Sentiment analysis is one of the commonly used methods of analyzing unstructured survey questions’ responses. Our survey focused on racial equity in the mathematical sciences at RIT and contained three open-ended questions for the students to answer. In using sentiment analysis, we’re able to gain a deeper understanding of students’ feelings and emotions towards how they feel they’re being treated throughout their early mathematics classes. We were specifically focused on gaining insight into any noticeable differences between AALANA (African American, Latinx American, and Native American) and non-AALANA students. Our first question was concerned with limitations to access of resources and opportunities within their classes. Many emotions were very similar between the two groups, however, non-AALANA students had higher counts in more positive emotions, such as trust and joy.

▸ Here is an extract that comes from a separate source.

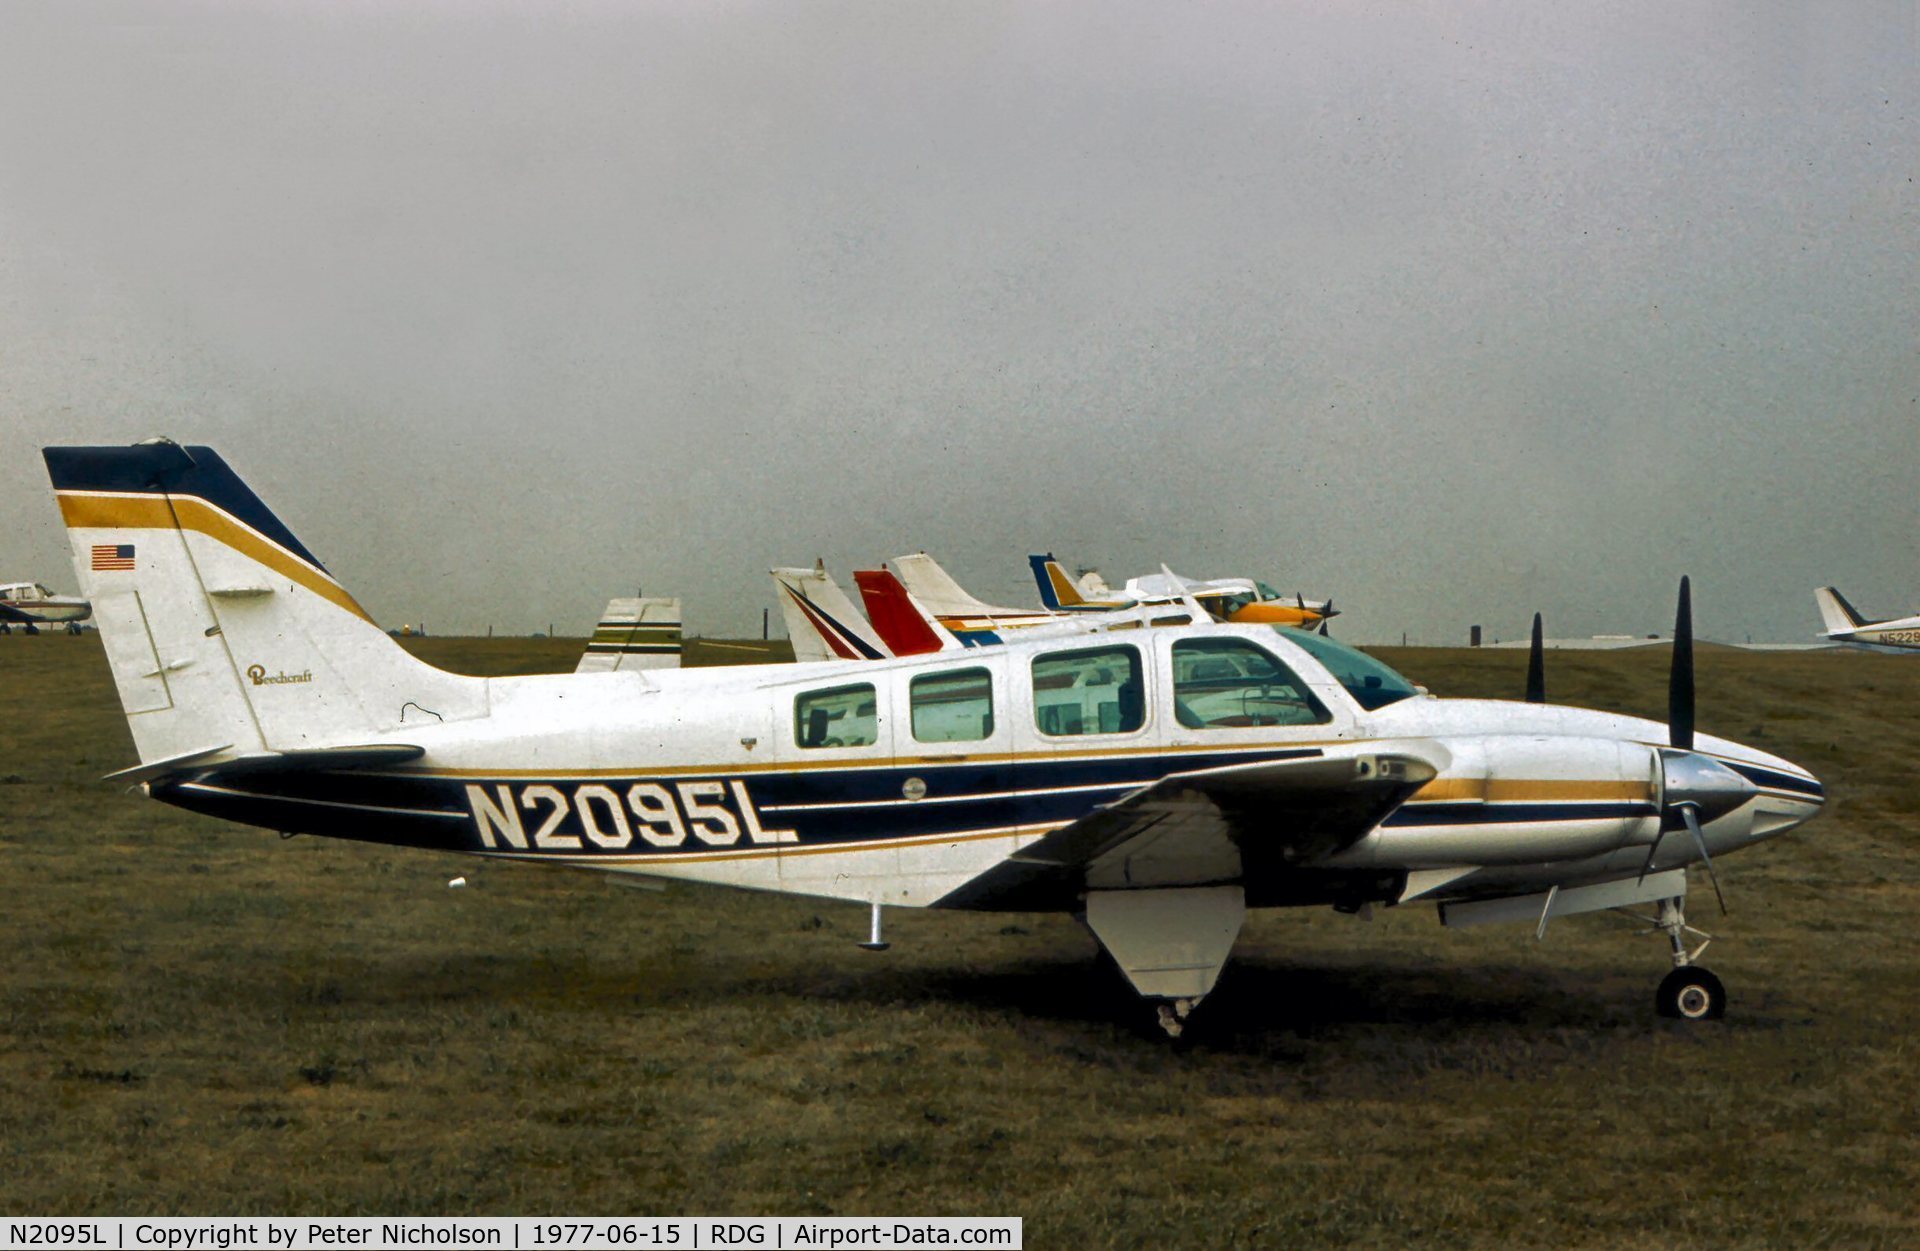 N2095L, 1976 Beech 58TC Baron C/N TK-21, Beech 58TC Baron seen at the 1977 Reading Airshow.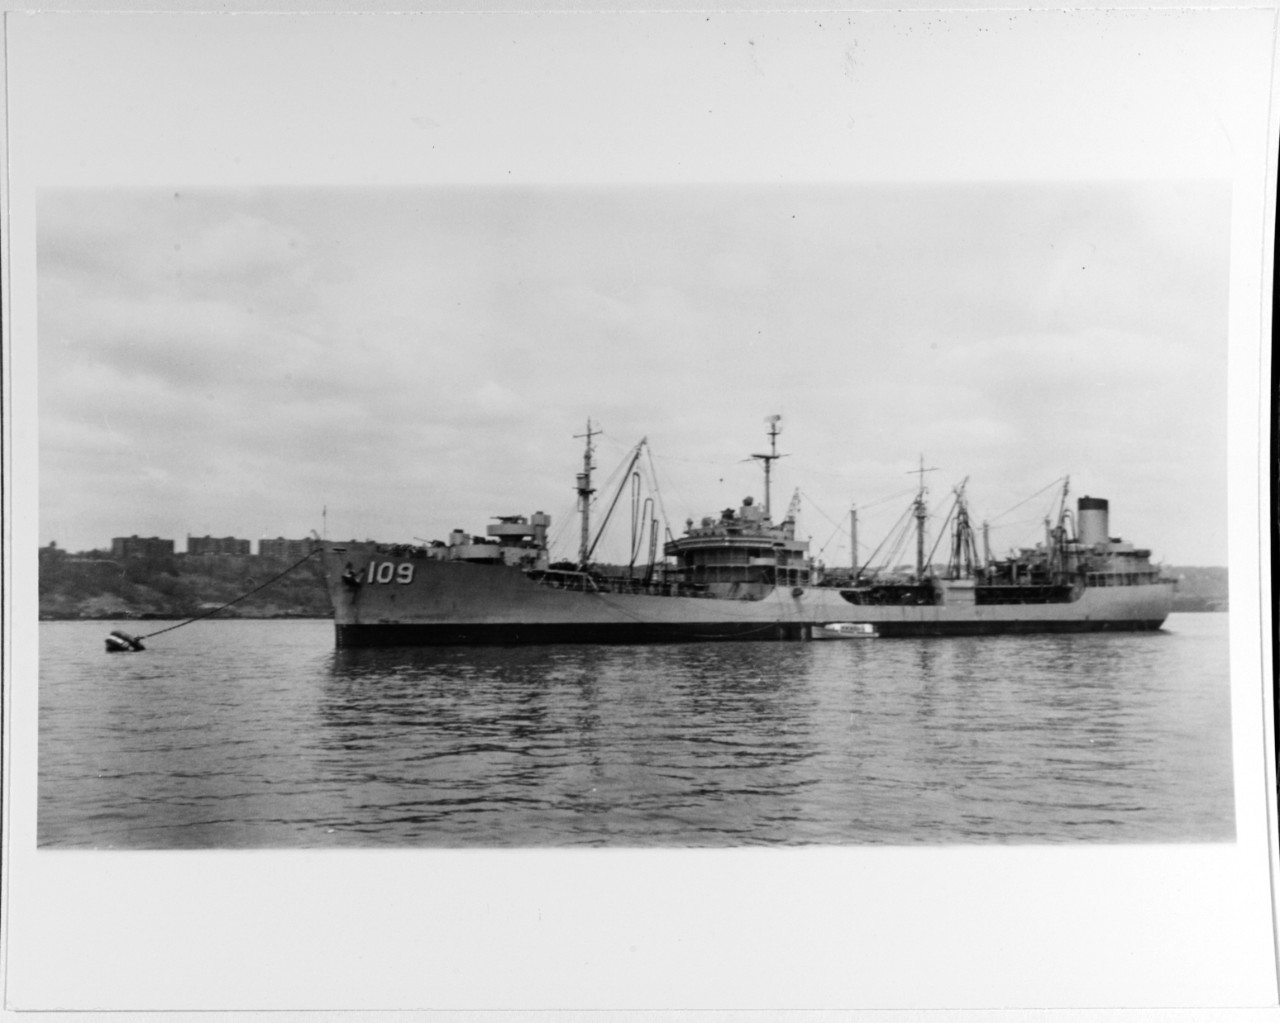 USS WACAMAW (AO-109)

In the second question, which asked about students’ perceptions on whether their professors believed in them, AALANA students with higher counts in joy and trust but also much higher in anticipation. Our final unstructured question regarded unique elements of their math classes that helped lead to their success at RIT. These results were very similar to the second question’s results with AALANA students having higher levels of trust and joy emotions. To further this analysis, we’re now adding elements of grounded theory to our work and comparing themes that come up between the two groups. Thus far, the two groups have similar themes within their responses, indicating there may be a lower level of racial inequity happening in RIT math classes.
Additional Authors: Dr. Nonhle Channon and Dr. Teresa Gibson

 

A Review & Simulation Study on Comparison of Modern Bayesian Mixture Model Clustering Methods §
Shuliang Yu, Graduate Student, State University of New York at Buffalo

Model-based clustering is widely used in various domains, including genomic data analysis and topic modelling, for example, in subtyping patients with similar genomic profiles. Traditional finite models necessitate a pre-specified number of clusters, posing challenges when the cluster count is unknown or dynamic with data size. The concepts of sparse finite mixture introduced by Malsiner Walli et al. and Dirichlet process introduced by Thomas S. Ferguson enable infinite mixture models, where the number of clusters are obtained a posteriori from the data. We present an extensive review and comparison of the Bayesian estimation of all three model classes, with the random hyper priors for the weight distribution being estimated using slice sampling. Through simulations on univariate and multivariate Gaussian mixture data, it is shown that the choice of the hyper priors largely determines the effectiveness of clustering for both infinite mixture model classes.